Samaantar (Parallel) is a 2009 Marathi film directed by Amol Palekar and starring Palekar himself along with Sharmila Tagore in the lead roles. This is Sharmila's first Marathi film. Director Amol Palekar's previous film in the dual role of actor-director was Ankahee (1985).

Plot
Keshav Vaze (Amol Palekar) is an eminent businessman based in Pune who started his life struggle from a small village and is now the owner of his industrial empire. He was left to take care of several younger family members after a massive earthquake caused the death of his parents and brothers. Keshav even took in an orphaned girl Reva (Radhika Apte) and raised her as his own daughter. His business kept on growing larger and larger making his day stacked with board meetings, conventions, tours, etc. Keshav has become a dear public figure surrounded by many people, including his two psychiatric colleagues Dr. Paritosh (Sameer Dharmadhikari) and Dr. Nikumbh (Kishore Kadam). 

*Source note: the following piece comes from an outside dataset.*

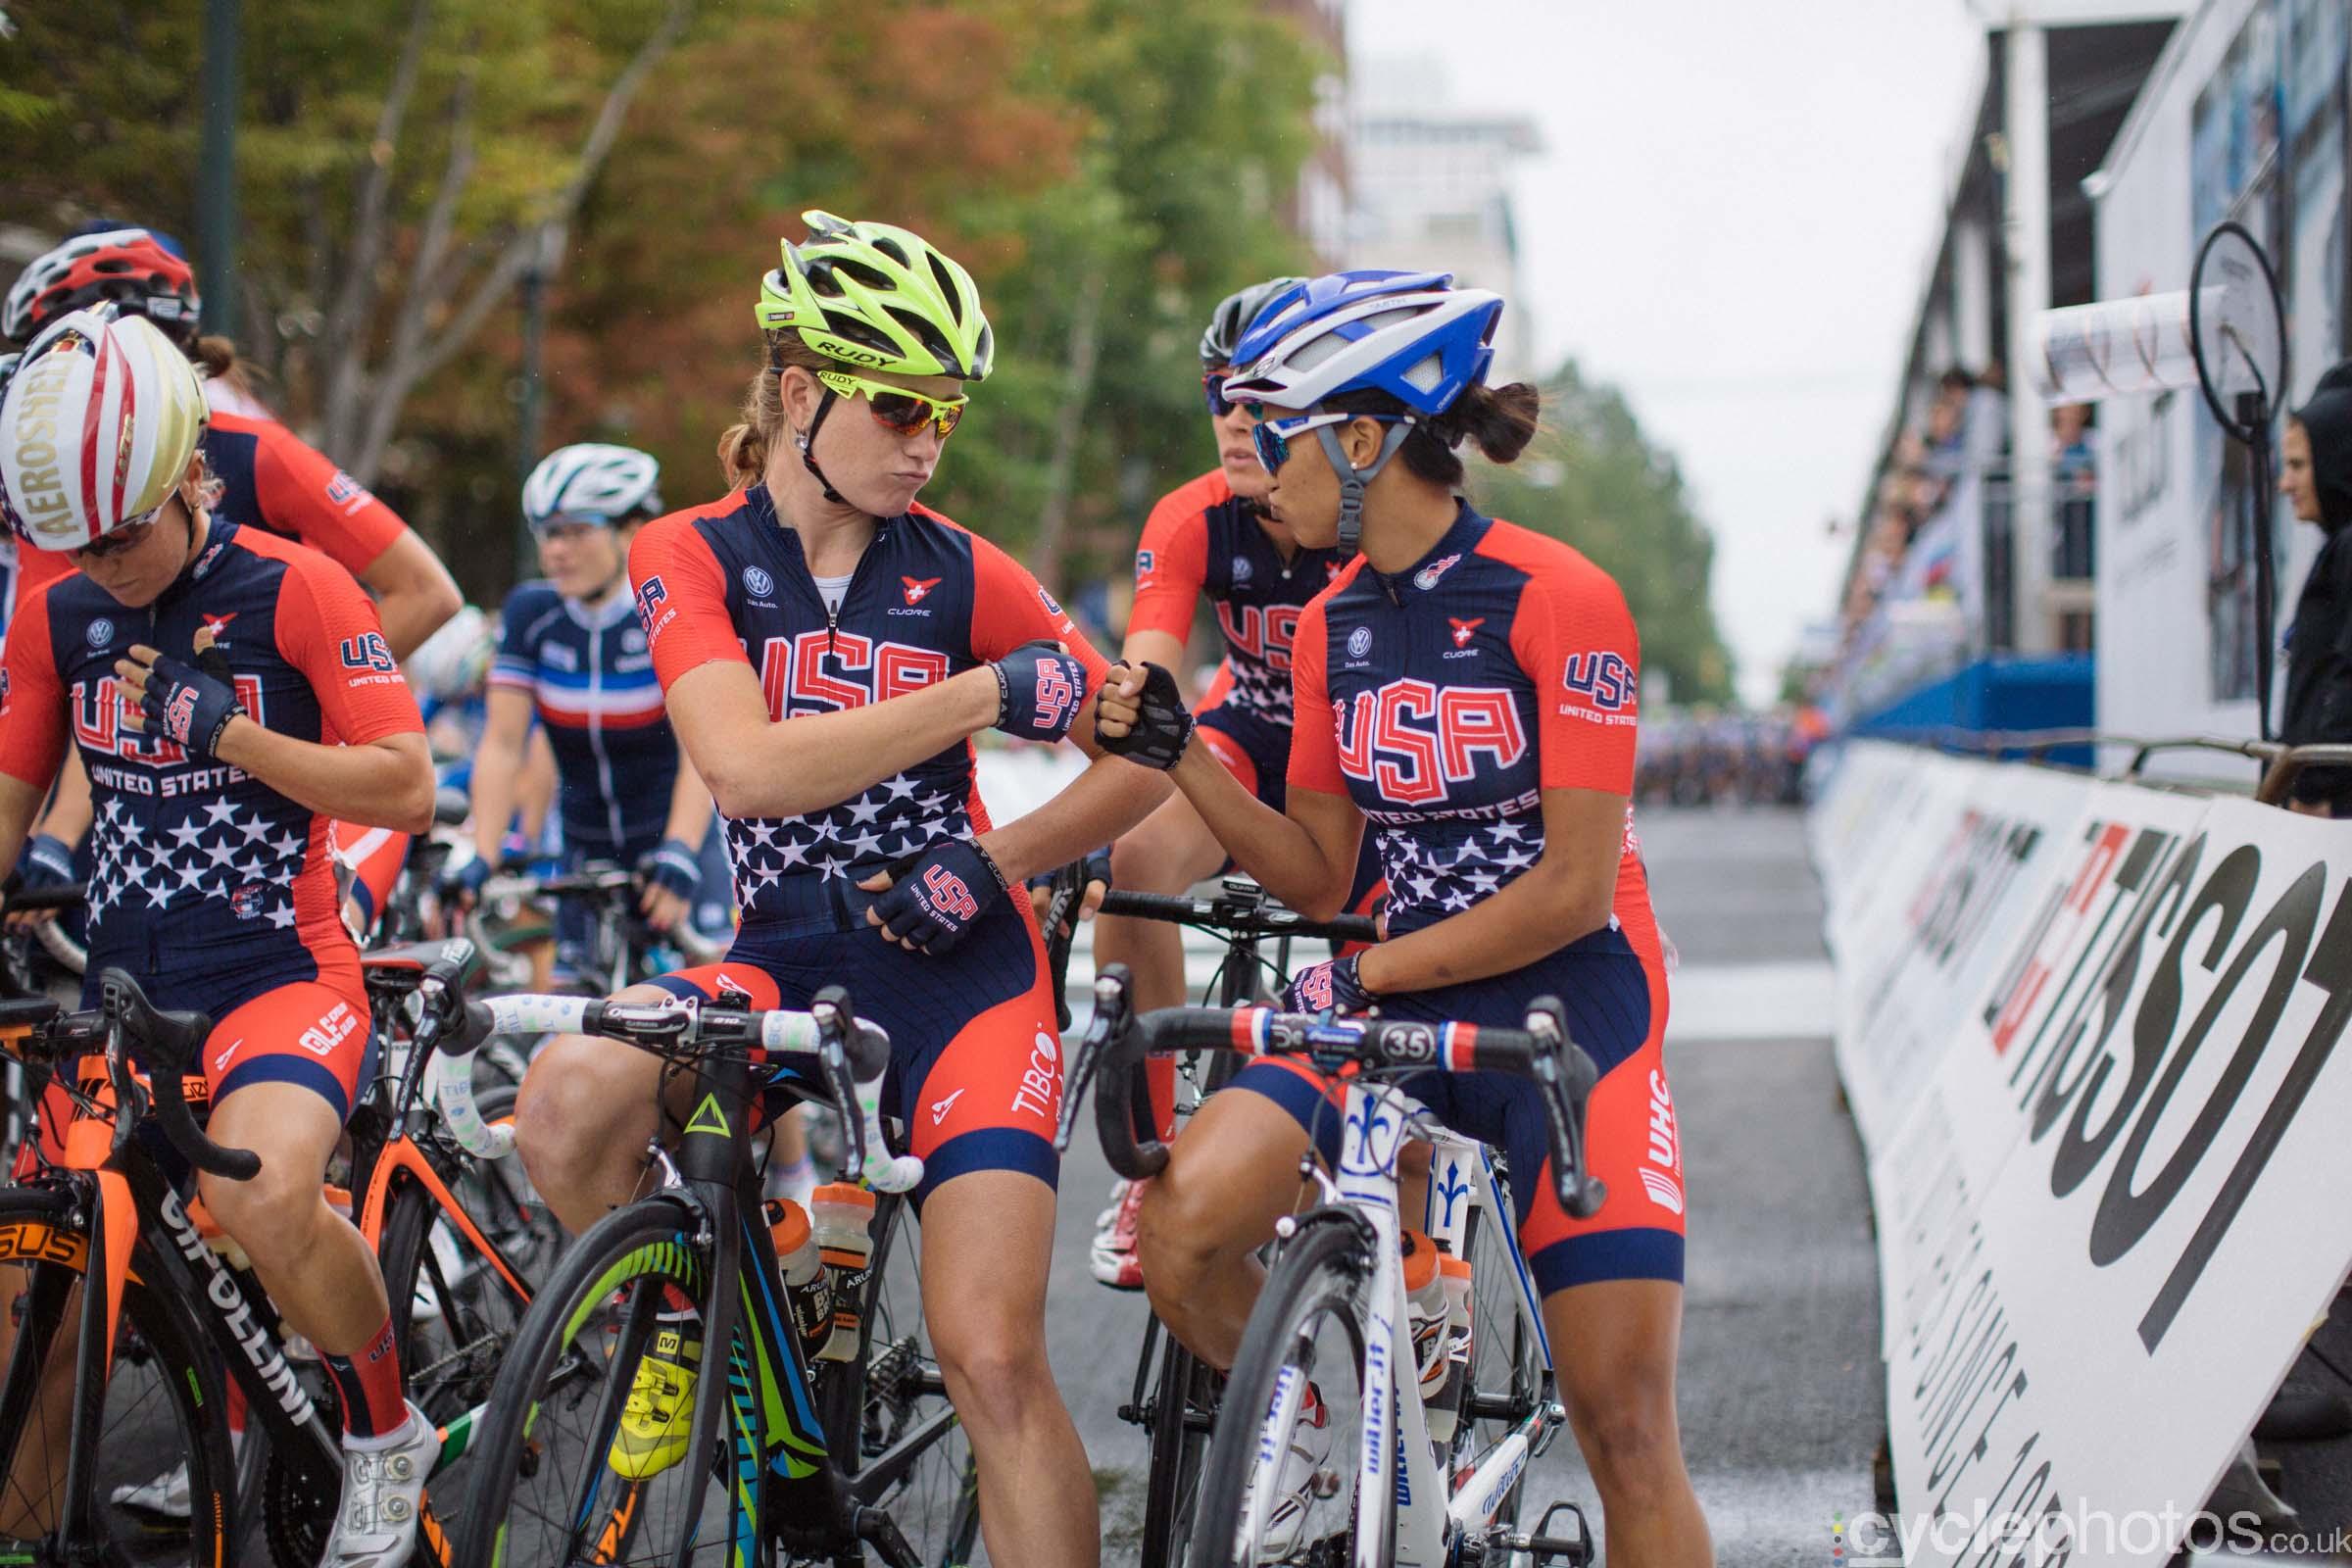 cyclephotos-world-champs-richmond-125430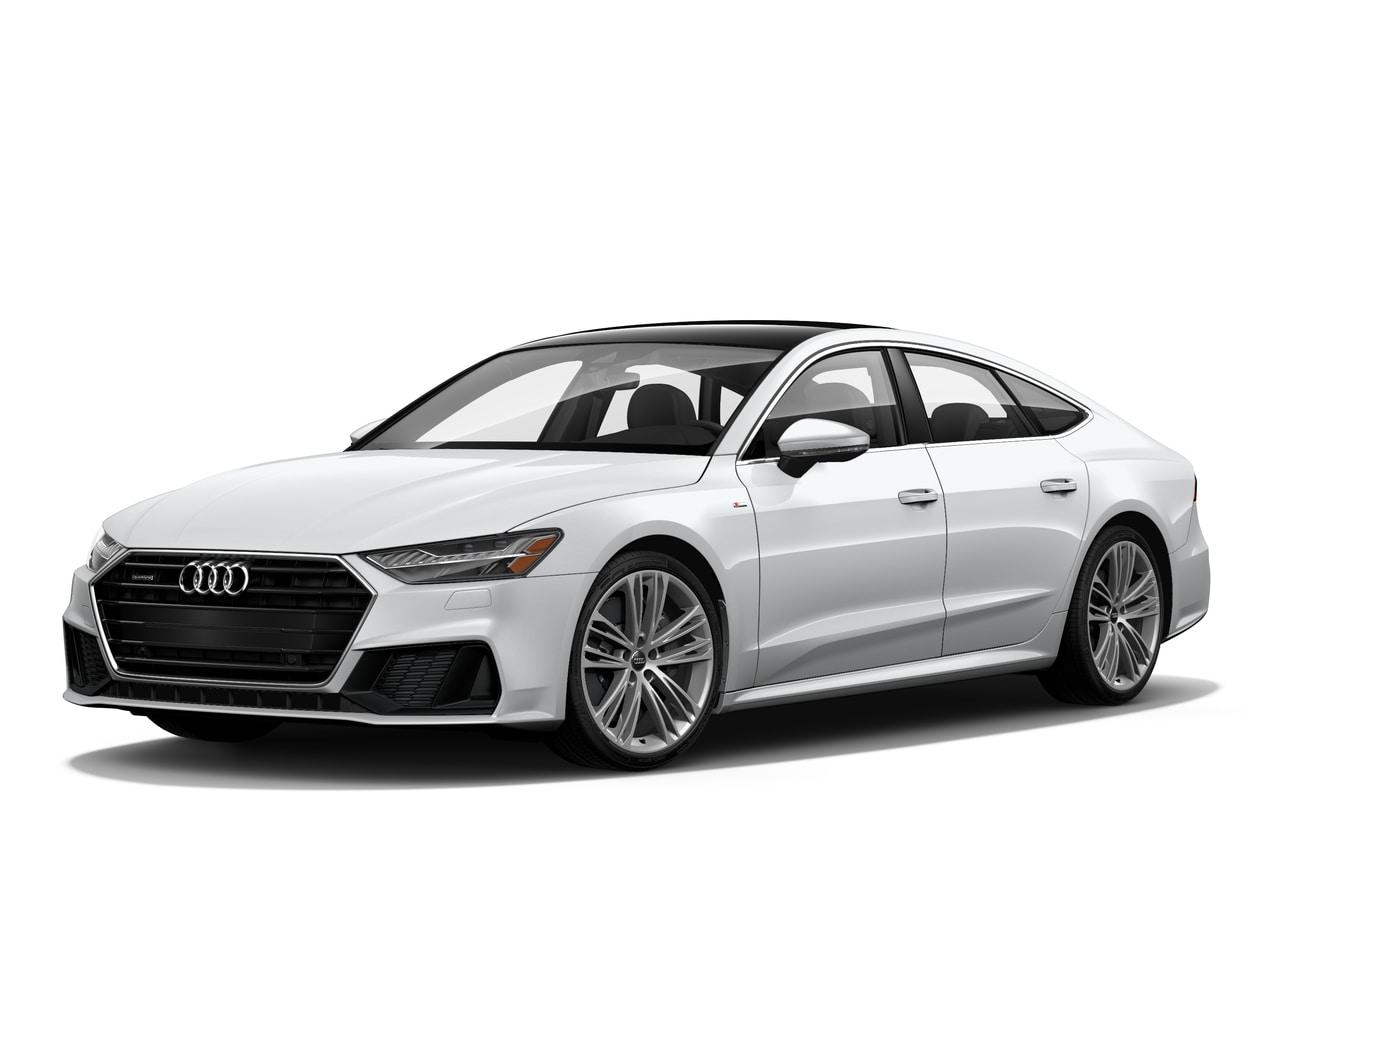 2019 Audi A7 Hatchback

However, each day ends in the cluttered darkness of his own melancholy, as Keshav has hidden his mysterious grief from his past within himself for years. On his 60th birthday, Keshav decides to find serenity for himself and takes a major decision of contemplating suicide due to the boredom in his life. He expresses his desire of ending his life to his family members who all are left stunned at this. In hopes of making him change his decision regarding his life, Reva has Keshav accompany her for a trip to Kolkata on Paritosh and Nikumbh's acquaintance. 

Upon arriving, a slice of Keshav's frozen past accidentally gets scratched. Keshav unexpectedly gets a glimpse of Shama (Sharmila Tagore), who was once the anchor of his existence. Her mesmerizing beauty, poise and silence and her immortal violin notes heard by Keshav suddenly personify his vacuum of the last 30 years. It is revealed that Shama was Keshav's soulmate in college, and that she vanished from his life forever after Keshav left for his village due to the earthquake. 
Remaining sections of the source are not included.